The kids and I learned about Ancient India in our History textbook last week, and our reading introduced us to a number of Eastern religions. As we read through the tenants of these belief systems, Charleston commented on how much they seemed to be getting right: Hinduism teaches the value of every soul; those who practice Jaimism take vows of honesty, faithfulness, and non-violence; Buddhists practice healthy non-attachment to earthly items. These are all noteworthy virtues compatible with Christian belief. But as Charleston and I went on to discuss, these religions are all missing something crucial: they leave out Jesus. And without Him, no amount of virtue is enough.

It’s Holy Week in the Christian calendar, a time for reflecting on Jesus’ final days on earth: His triumphal entry into Jerusalem, when He was hailed as a king; His Last Supper meal with His disciples, during which He proclaimed that His blood was to be poured out for the forgiveness of sins; His betrayal and arrest. Good Friday, when He hung on the cross, taking the full punishment for our sins, shedding His own blood that we may be made righteous. Easter Sunday, when the tomb was found empty and all creation rejoiced because death had been defeated! Each day within this Holy Week points to how different the Way of Jesus is from every other world religion.

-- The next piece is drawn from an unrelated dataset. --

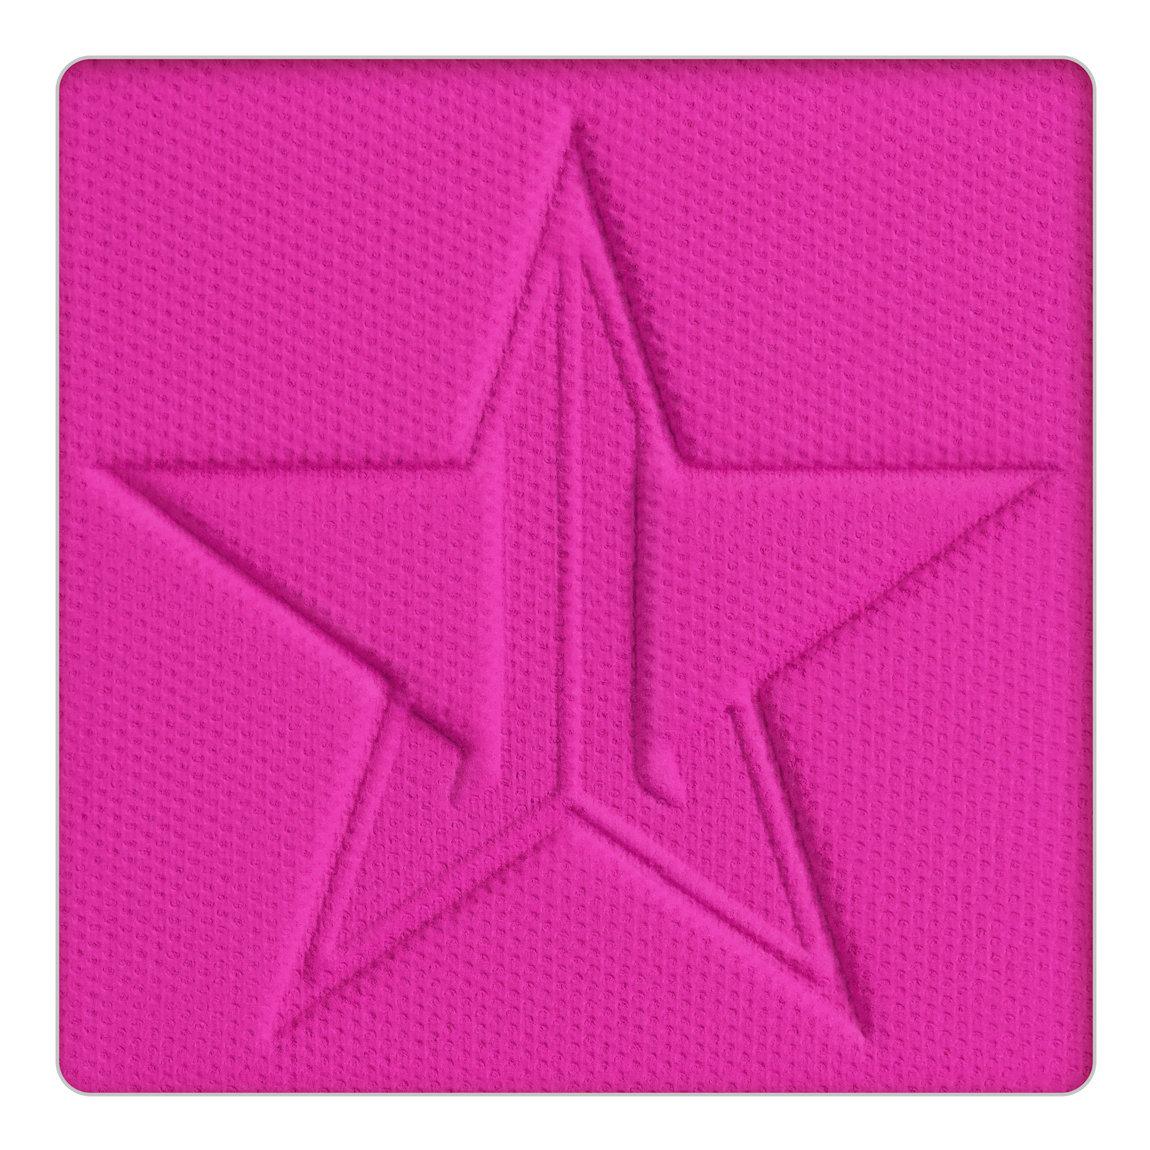 Jeffree Star Cosmetics Artistry Singles Cavity alternative view 1.

Other religions may offer promising ideals and can even guide practitioners into positive practices and wholesome ways of living. But in every other religion, one must earn his or her own way to God through perfect adherence to a system of impossible rules; only Christianity offers a Heavenly Father who knew we could never achieve perfect righteousness and so, instead of demanding that we work our way to Him, chose to come down to US! Other religions offer systems of rights and wrongs, dos and dont’s; Christianity is NOT a system, but a relationship with a Lord and Savior whose love would lead Him to take on the humble form of a man, offer His own life for the redemption of His people, and suffer unfathomable pain out of love for His children.

Most significant of all: no other religion can offer an empty tomb! Without the resurrection, Christianity would not exist; it would merely be one among many religions in which a respected leader came to an unfortunate end. But as Christians we know that death was not the end: Jesus did not remain in the tomb, but He came back to life—our proof that Jesus is who He says He is and that he accomplished all that He said He would do. Because of the resurrection, we have been forgiven. Because of the resurrection, we are redeemed. Because of the resurrection, death is defeated and we have the promise of eternal life. Because of the resurrection, we can have a personal relationship with our Lord and Savior who took the place of all our moralism to become our Way, Truth, and Life.

This Easter weekend, we will engage in the sorts of activities that religions around the world may enjoy: religious services, time spent with family, and fun traditions involving games and food. I pray that in the midst of this not-so-unusual activity, we can pause to reflect on The One who has made all the difference. Because of His life, we know we can have a personal relationship with Him. Because of His death, we have been forgiven and saved. Because of His resurrection we, too, have been given life. Praise the Lord that because of Jesus, Easter Sunday is not just another religious holiday. We can rejoice because He has risen indeed!